Repeat the lines from the line with "Праздник успения отмечают" to the line with "ロングフライトを健康&快適に過ごす トラベルアドバイス" in the listing below, keeping both end lines and adding nothing.

===== Data

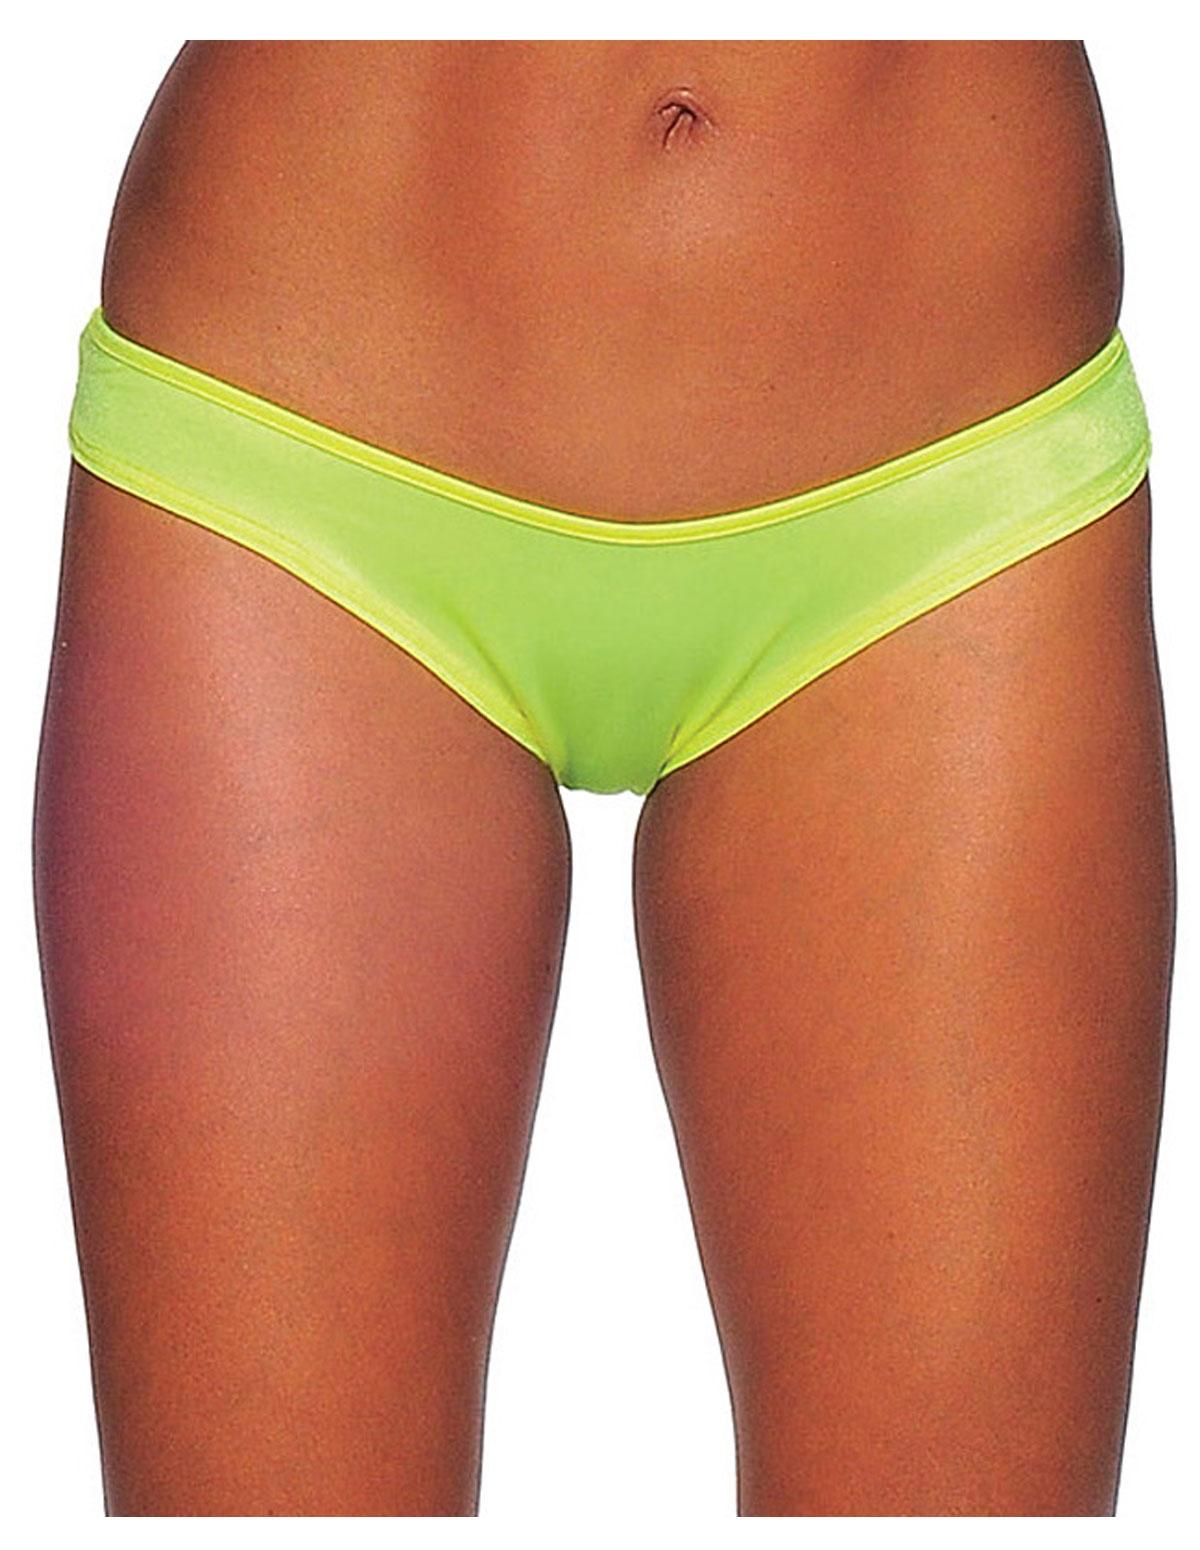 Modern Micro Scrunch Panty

==========
===== Data

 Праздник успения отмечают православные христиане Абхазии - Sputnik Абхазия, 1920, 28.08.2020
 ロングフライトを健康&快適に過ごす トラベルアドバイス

==========

# Solution to the problem
 Праздник успения отмечают православные христиане Абхазии - Sputnik Абхазия, 1920, 28.08.2020
 ロングフライトを健康&快適に過ごす トラベルアドバイス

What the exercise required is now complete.